Thanks for working on this. Here are some comments on the v5 patch:

1.
+  <para>
+   Migration of logical replication clusters is possible only when all the
+   members of the old logical replication clusters are version 17.0 or later.

Perhaps define what logical replication cluster is either in glossary
or within a parenthesis next to the first use in the docs? This will
help developers understand it better and will not confuse them with
postgres cluster.
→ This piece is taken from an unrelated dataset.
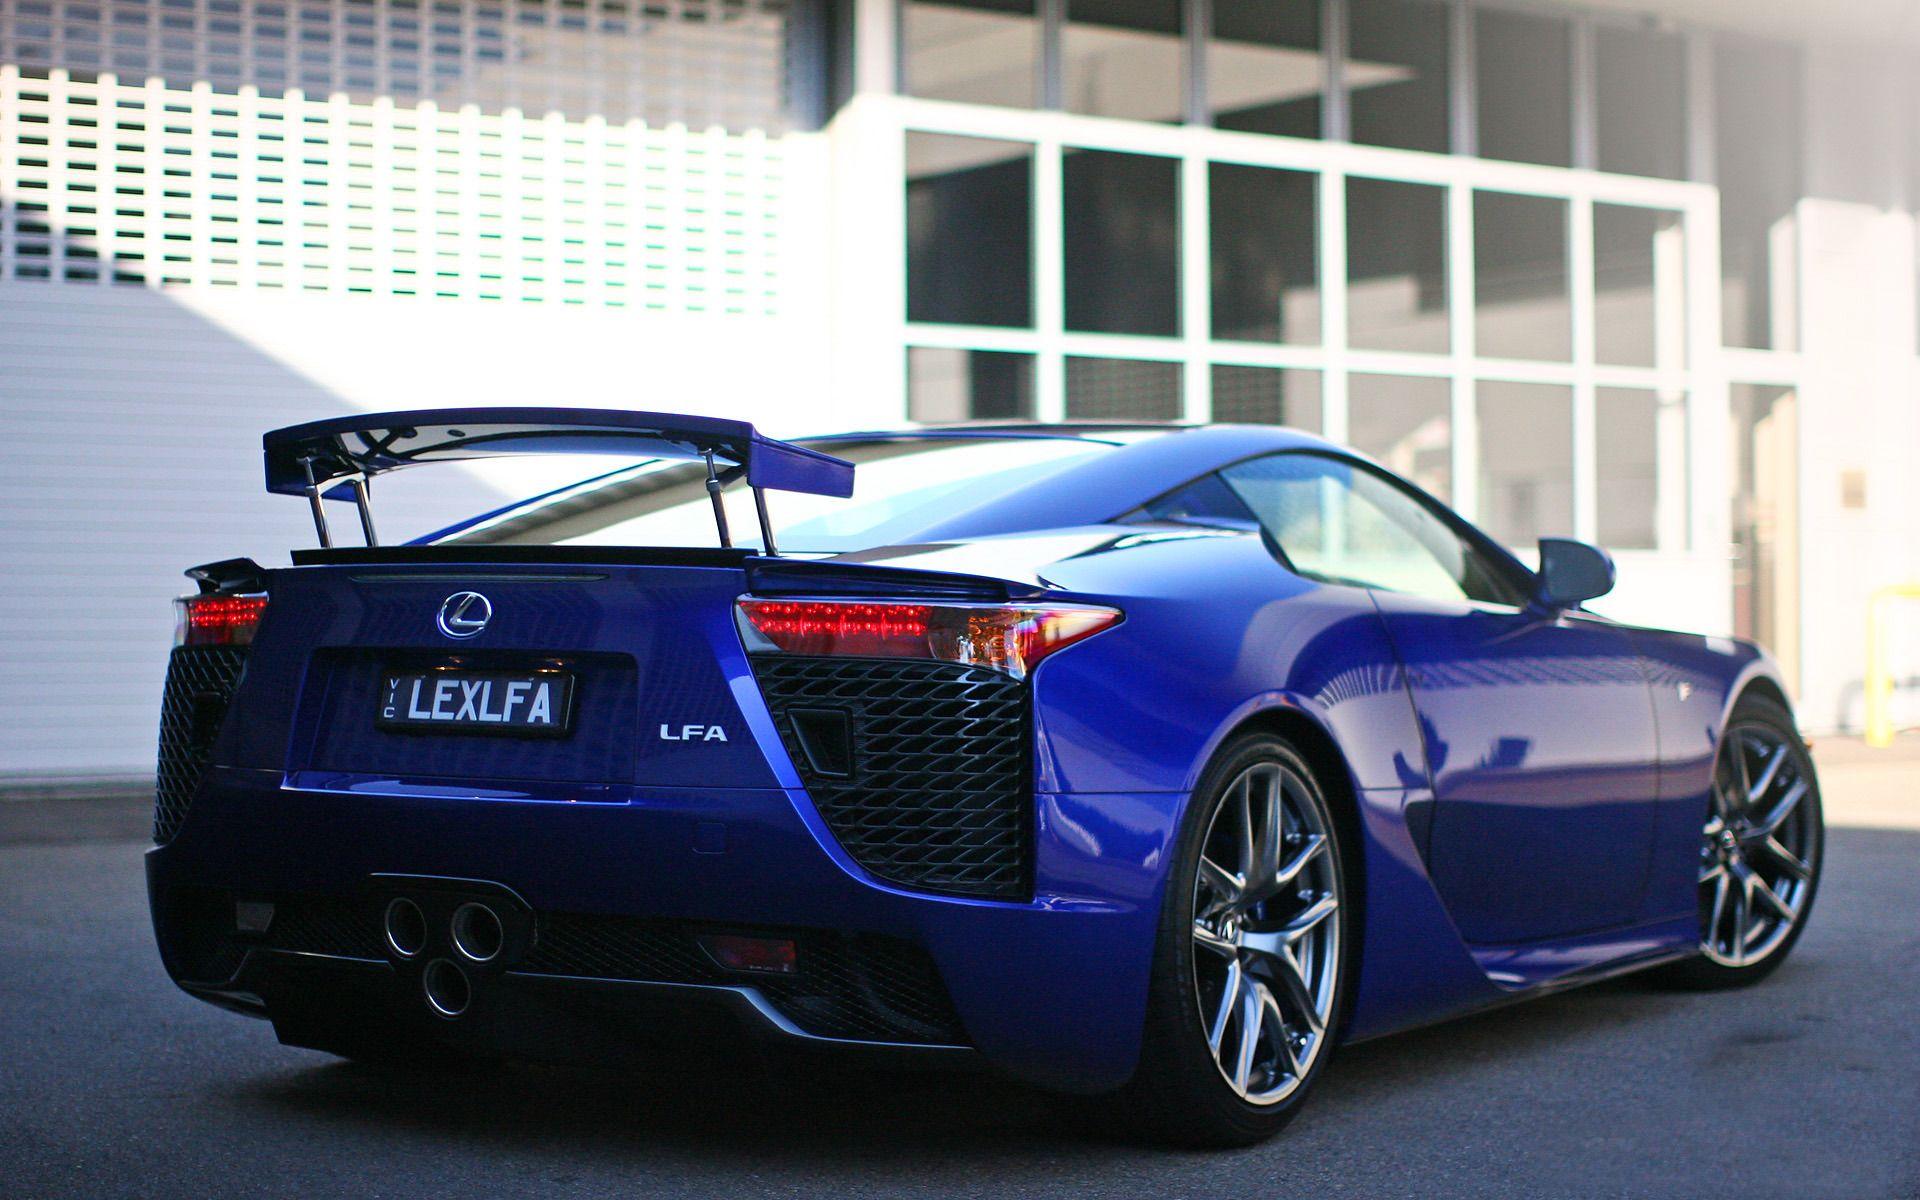 Lexus Lfa Car Hd Wallpaper Blue. Cars Wallpaper, Picture

I see it being used for the first time in code
comments 9a17be1e2, but this patch uses it for the first time in the
docs.

2.
+   Before reading this section, refer <xref linkend="pgupgrade"/> page for
+   more details about pg_upgrade.
+  </para>

This looks extraneous, we can just link to pg_upgrade on the first use
of pg_upgrade, change the following

+   <para>
+    <application>pg_upgrade</application> attempts to migrate logical
+    slots. This helps avoid the need for manually defining the same

to

+   <para>
+    <xref linkend="pgupgrade"/> attempts to migrate logical
+    slots. This helps avoid the need for manually defining the same

3.
+     transactional, the user is advised to take backups. Backups can be taken
+     as described in <xref linkend="backup-base-backup"/>.
+    </para>

How about simplifying the above to "the user is advised to take
backups as described in <xref linkend="backup-base-backup"/>" instead
of two statements?

4.
  subscription is temporarily disabled, by executing
+    <link linkend="sql-altersubscription"><command>ALTER SUBSCRIPTION
... DISABLE</command></link>.
+    Re-enable the subscription after the upgrade.
+   </para>

Is it to avoid repeated failures of logical replication apply workers
on the subscribers? Isn't it good to say why subscription needs to be
disabled?

5.
+   <para>
+    There are some prerequisites for <application>pg_upgrade</application> to
+    be able to upgrade the logical slots. If these are not met an error
+    will be reported.
+   </para>

I think it's better to be "Following are prerequisites for
<application>pg_upgrade</application> to.."?

6.
+    <listitem>
+     <para>
+      The old cluster has replicated all the transactions and logical decoding
+      messages to subscribers.
+     </para>

I think it's better to be "The old cluster must have replicated all
the transactions and ...."?

7.
+     <para>
+      The new cluster must not have permanent logical slots, i.e.,
+      there must be no slots where
+      <link linkend="view-pg-replication-slots">pg_replication_slots</link>.<structfield>temporary</structfield>
+      is <literal>false</literal>.

I think we better specify a full SQL query as opposed to just
specifying one output column and the view name.

<para>
 The new cluster must not have permanent logical slots, i.e., a query like:
<programlisting>
SELECT count(*) FROM pg_replication_slots WHERE slot_type = 'logical'
AND temporary IS false;
</programlisting>
    must return 0.
   </para>

8.
+       If the old cluster is prior to 17.0, then no slots on the primary are
+       copied to the new standby, so all the slots must be recreated manually.
+       If the old cluster is 17.0 or later, then only logical slots on the

I think it's better to say "version 17.0" instead of just "17.0".

9.
+       primary are copied to the new standby, but other slots on the
old standby

"but other slots on the old standby" - is it slots on the old standby
or old cluster?

I think it's the other way around: the old cluster needs to be
replaced with the old standby in the newly added paragraph.

10.
Change
+       primary are copied to the new standby, but other slots on the
old standby
+       are not copied so must be recreated manually.

to

+       primary are copied to the new standby, but other slots on the
old standby
+       are not copied, so must be recreated manually.

11.
+   <note>
+    <para>
+     The logical replication restrictions apply to logical replication cluster
+     upgrades also. See <xref linkend="logical-replication-restrictions"/> for
+     the details of logical replication restrictions.
+    </para>

How about just say "See <xref
linkend="logical-replication-restrictions"/> for details." instead of
using logical replication restrictions more than once in the same
para?

12.
+    <para>
+     The prerequisites of publisher upgrade apply to logical replication
+     cluster upgrades also. See <xref linkend="prepare-publisher-upgrades"/>
+     for the details of publisher upgrade prerequisites.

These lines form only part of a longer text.